Recommended: If you previously used multiple API keys for different projects, you can now use one key and pass different channel keys per call.
Rename contextId to conversationId.
Read flags from evaluation.flagged instead of the root level flagged key.
Recommended: Prefer recommendation.action over evaluation.flagged, and check for reject, review, or allow as shown above.
See full API reference and content schema:

When multiple content policies can flag the same item, it’s hard to know whether a violation is minor (e.g., profanity) or critical (e.g., illicit behavior) without digging through each policy.
To solve this we've built a top level model to output a single score to give you an instant idea about the severity of a violation.
Severity score solves this by providing a single, opinionated score across all your policies. It weights violations by impact so you can see urgency at a glance.
For example: illicit content ranks above hate, which ranks above swearing.
Use severity score to:
Sort review queues by severity.
Set thresholds to automate actions (e.g., block above 90%, review above 50%).
Understand historical impact on your dashboard, including how many items would have been blocked. Note: historical data is available if you’ve used an API endpoint that supports severity score for the past 30 days.
Implementation:
Read the score at evaluation.severity_score.
Read the recommended action at recommendation.action.
You now get the author details in the moderation response.
New author endpoints to update, retrieve, and list authors.
Update authors with data to improve trust scoring.
Dashboard features
View Messages in Context: You can now see moderation items with surrounding conversation context for better decision-making
Image & Video Blurring: Added ability to blur sensitive images and videos in content view for safer moderation
Global Queue Option: New global queue setting available. This will remove content from queues if it has been reviewed in any queue.
Use variables in masking: You can now use $ variables in masking. For example, if you want to wrap matched words in <b> tags, you can use <b>$</b> as the masking value.
Bug fixes and improvements
Improved dashboard performance and stability

We’ve introduced a new comprehensive author-level dashboard system to enhance end user management.
New Author Detail Pages: Comprehensive user profiles with complete activity overview, trust levels, moderation history, and detailed analytics
Summary Tab: Trust level management, sentiment analysis, message statistics, and top violation categories
Timeline Tab: Complete chronological view of user activity with context grouping and advanced filtering
Fraud Detection Tab: Advanced behavioral analysis including bot detection, location anomalies, device fingerprinting, and risk assessment
Metadata Tab: Technical user information and account details
Trust Level SystemA new trust level system allows you to tailor moderation actions based on user behavior and find bad actors more easily.

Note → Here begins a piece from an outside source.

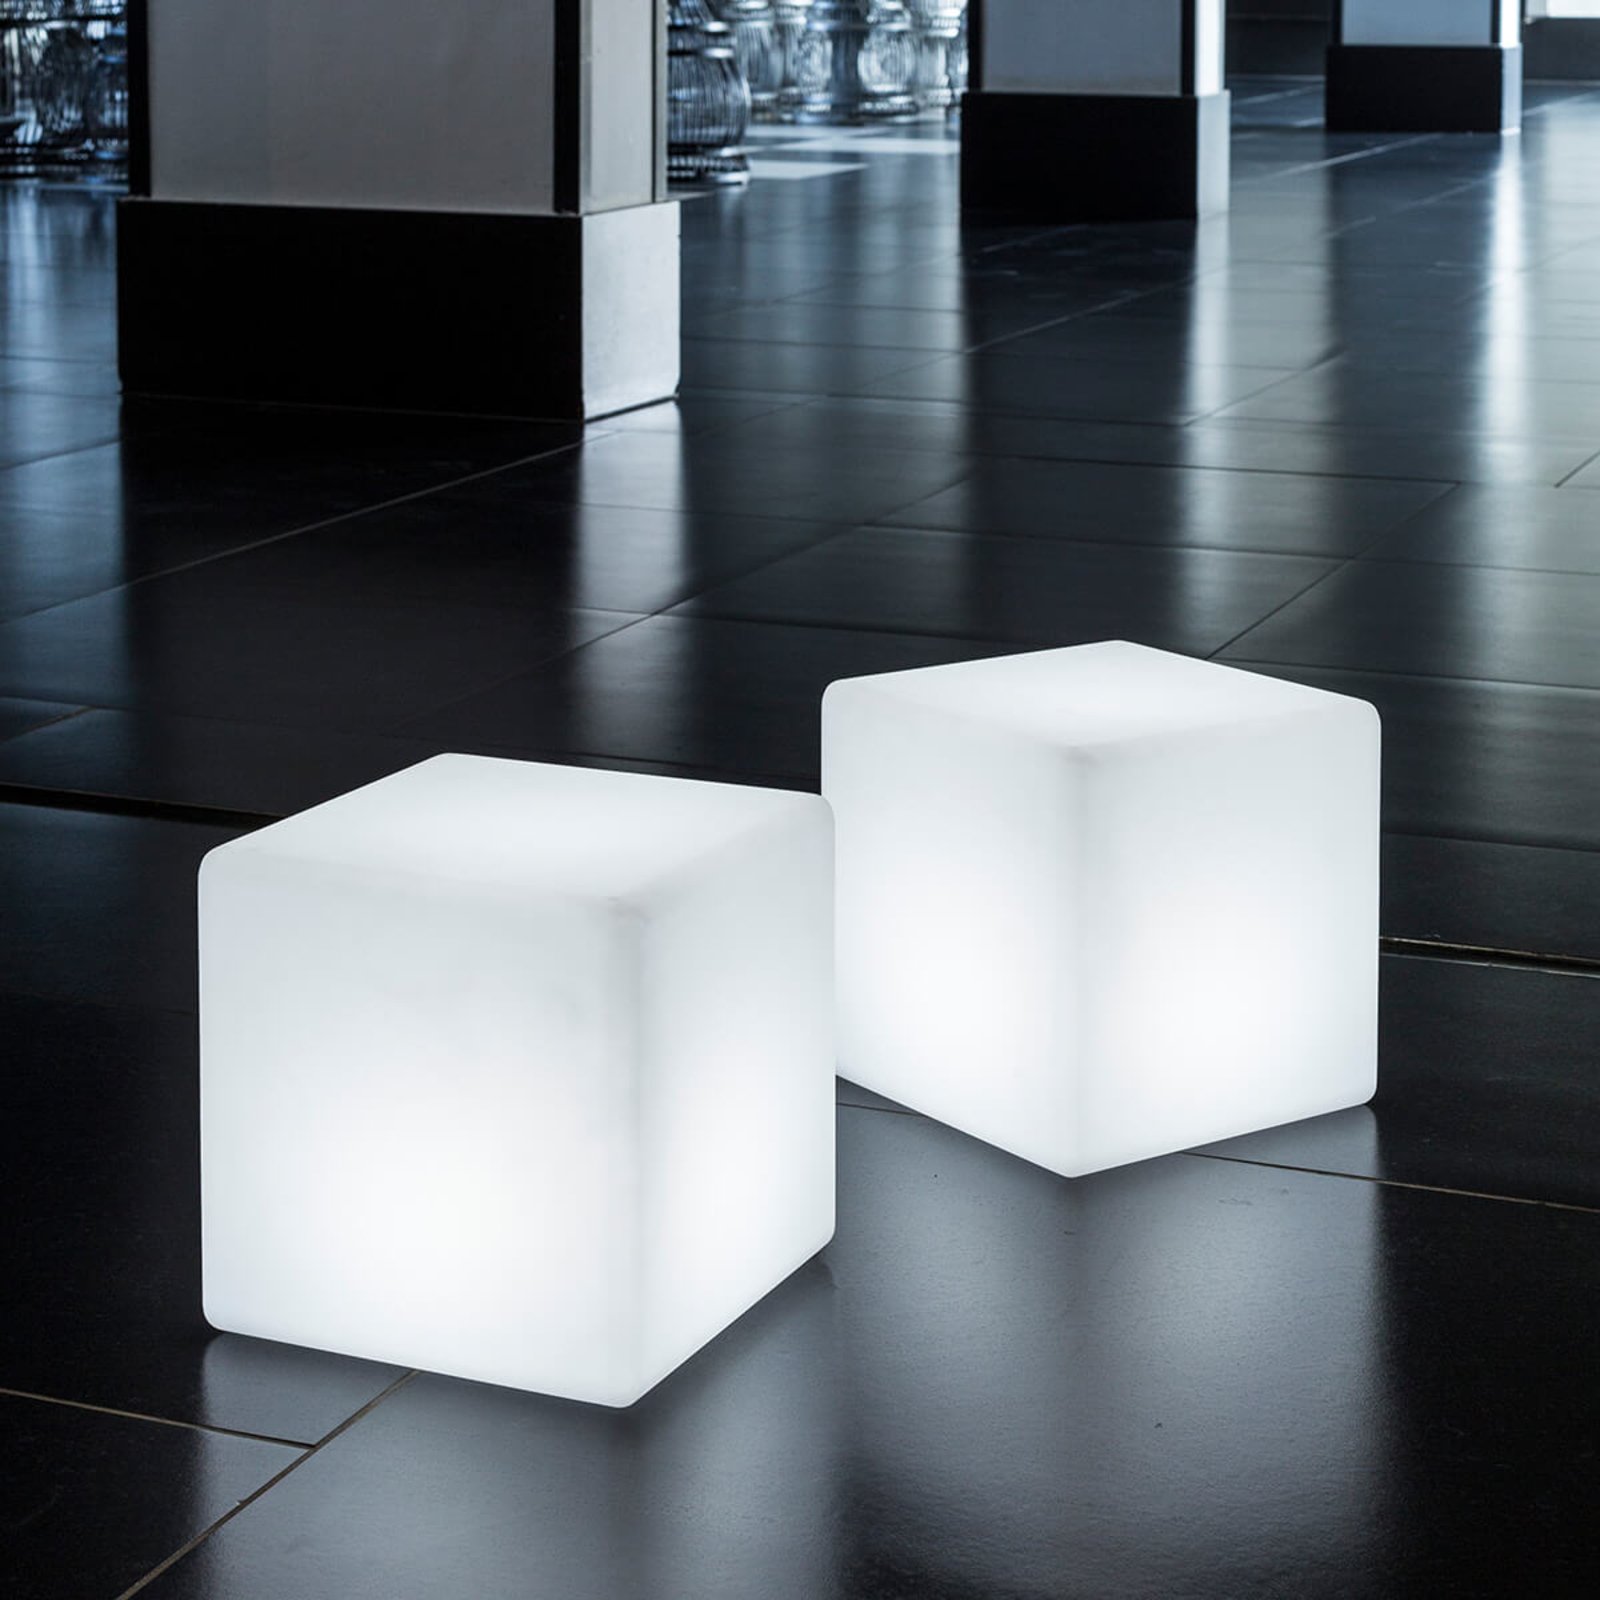 Cube - en lysende kube til udendørs brug
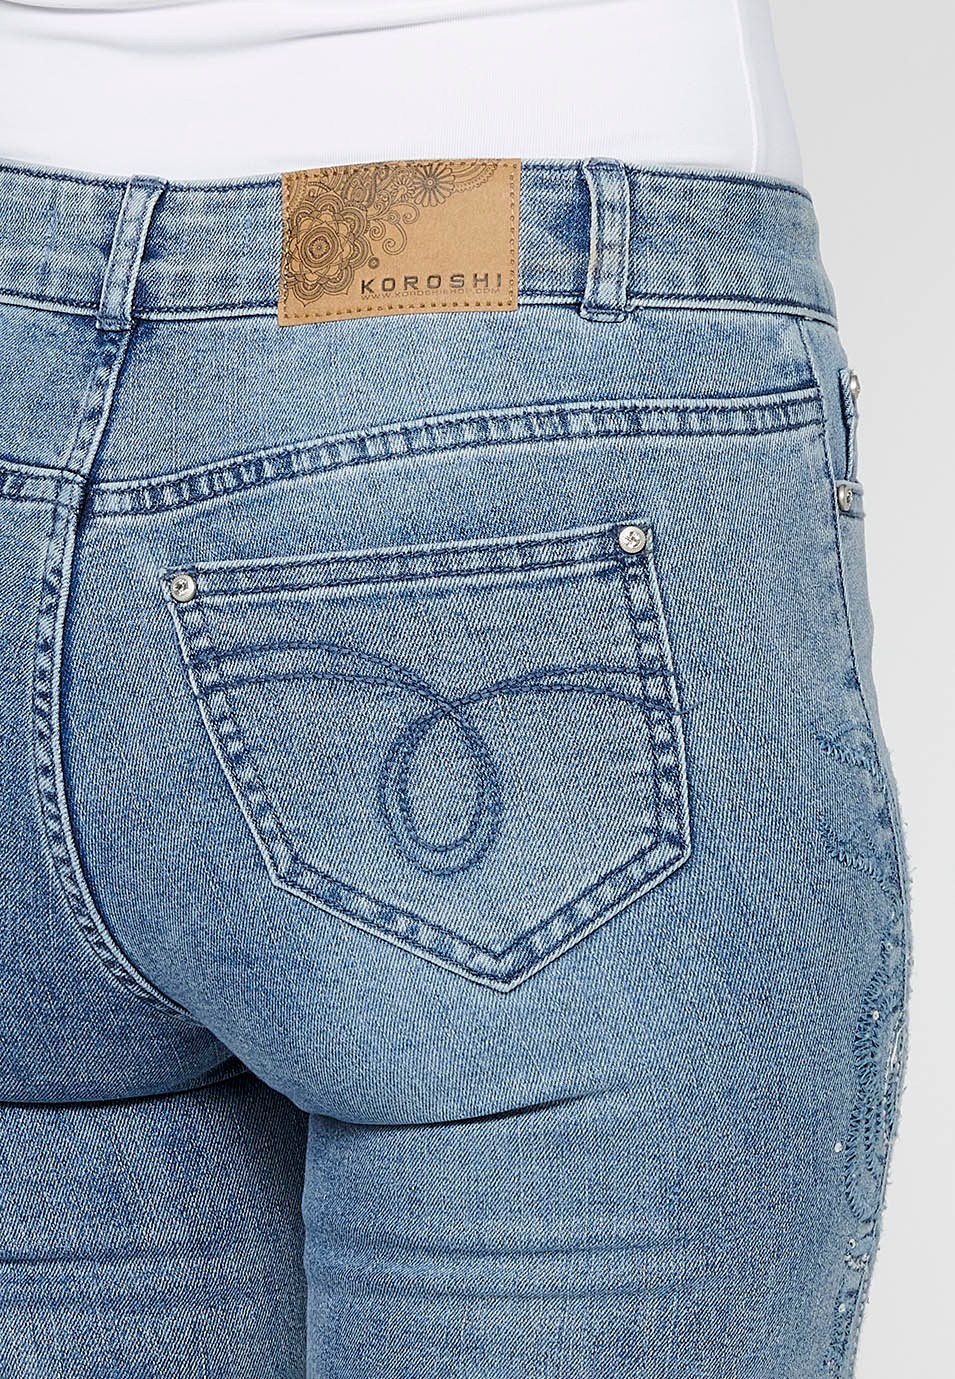 Pantalon long évasé en jean avec fermeture éclair sur le devant et détails brodés de fleurs bleu clair pour femme 7

Automated Trust Adjustments: System automatically adjusts trust levels based on user behavior and moderation history
Manually upgrade or downgrade trust levels as needed
Trust Level Impact: Trust levels can be consumed via the API or to influence moderation decisions, such as auto-approving content from high-trust users
Author-Level Moderation Actions
Comprehensive User Actions: Block, suspend, and unblock users directly from their profile pages
Duration-Based Suspensions: Flexible temporary blocks with customizable time periods (1 hour to 1 year)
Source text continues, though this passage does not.